Beyond raw I/O count, AMD emphasizes hardened security blocks in the Spartan UltraScale+ line, including secure boot, bitstream encryption and authentication features that are increasingly required in connected industrial and medical systems that must resist tampering over long lifecycles. The SU200P leverages the same Spartan UltraScale+ tool flow via the Vivado Design Suite, so teams already prototyping on smaller Spartan devices can scale their designs to the larger SU200P with minimal changes, while retaining support for familiar IP blocks and design methodologies that have been established in earlier Xilinx-era Spartan generations. For engineering teams, that continuity can cut bring-up time and reduce project risk when migrating existing control or monitoring designs to the new part.

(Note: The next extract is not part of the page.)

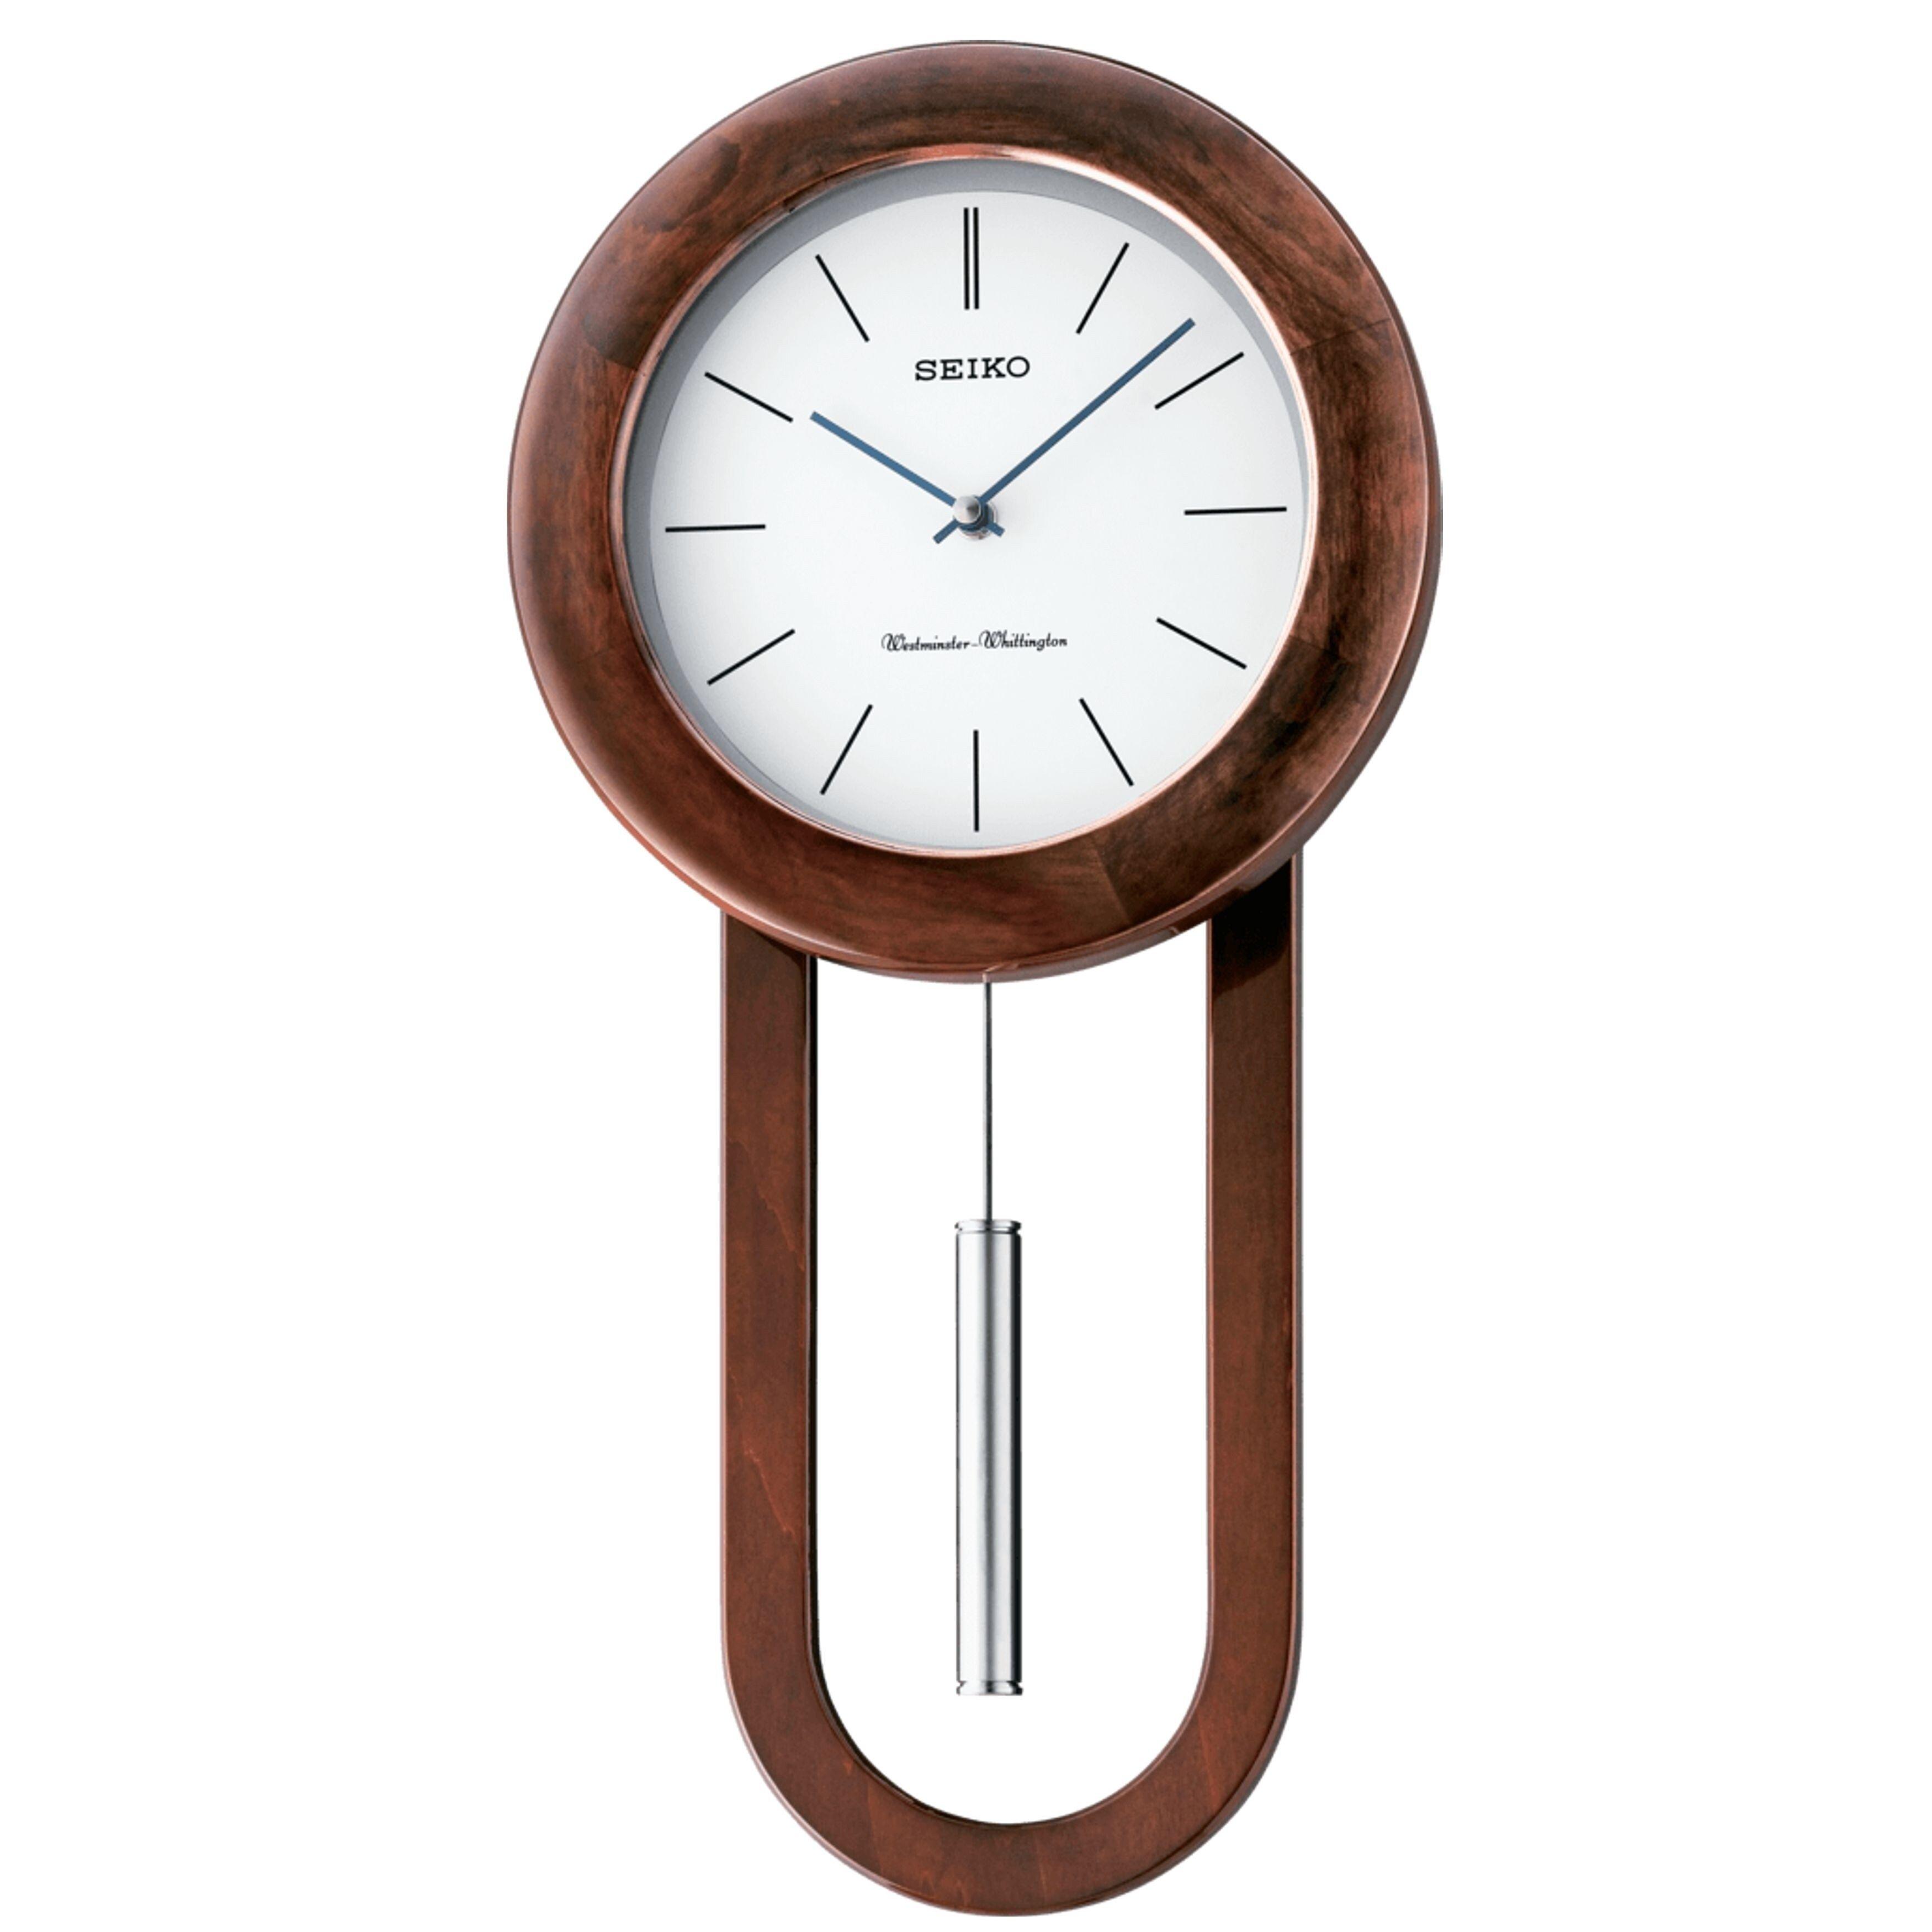 Seiko Circular Sleek Wall Clock With Pendulum And Dual Chimes Chiming Brown Wood Pendulum Wall Clock Clock Wall Clock Wooden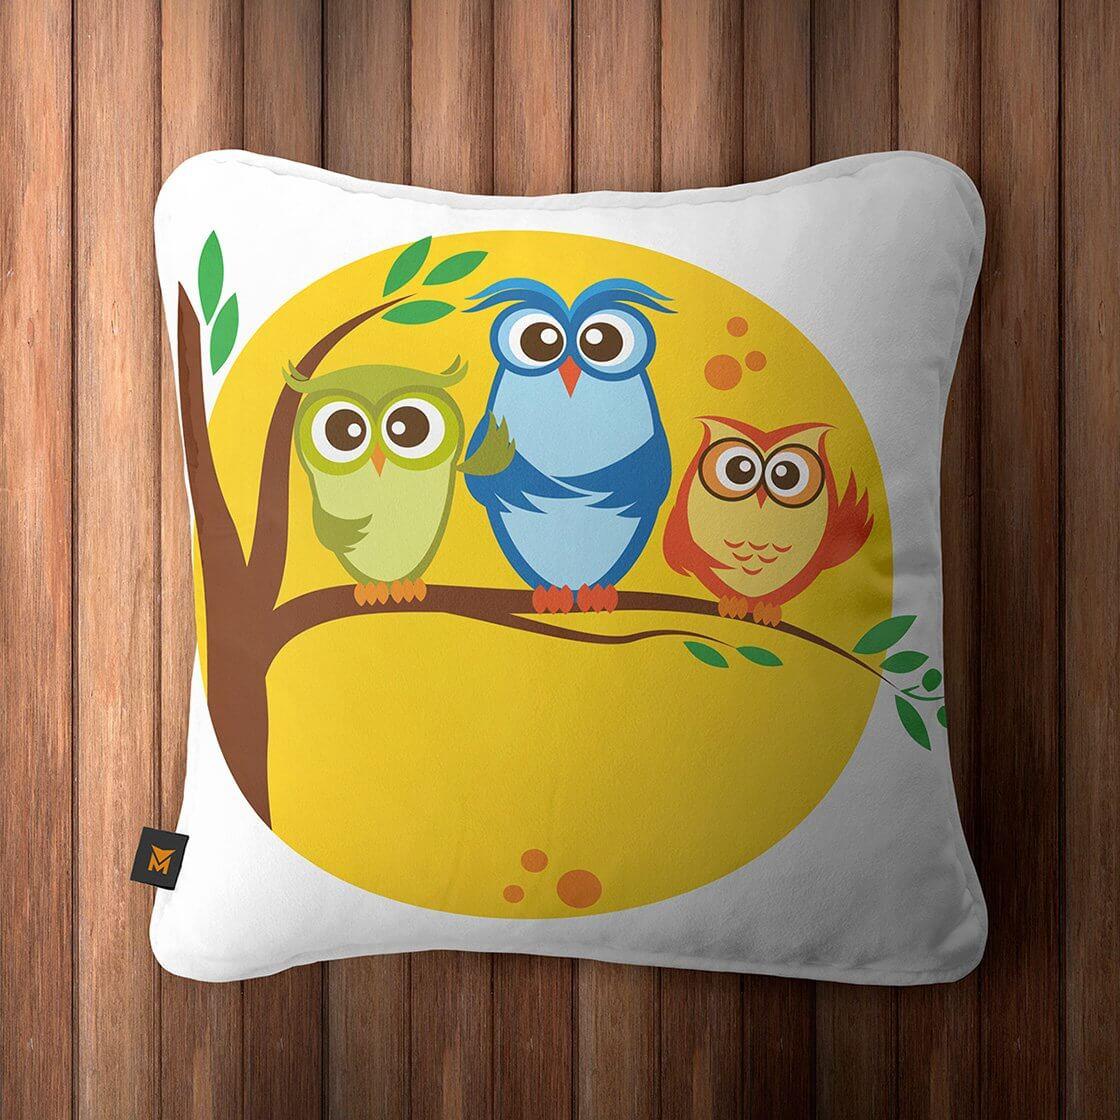 custom merchandise design by Ebtihal

On the commercial side, AMD positions Spartan UltraScale+ as the low-power, cost-optimized entry point in its programmable logic stack, below Artix and Kintex products, but with enough capacity for complex state machines, soft processors and custom accelerators in edge systems. Distributors such as ASI list AMD’s embedded and FPGA families as central components for networking, security and storage platforms, underscoring how parts like the SU200P are meant to slot into wide, high-volume OEM designs rather than niche boards. Channel communications from partners that also promote AMD EPYC embedded processors show AMD’s broader strategy of pairing FPGAs and CPUs in complete platform offerings for industrial and communications customers. For buyers, this means the SU200P will be offered through AMD sales and authorized distributors as part of a larger ecosystem, not as a one-off specialty component.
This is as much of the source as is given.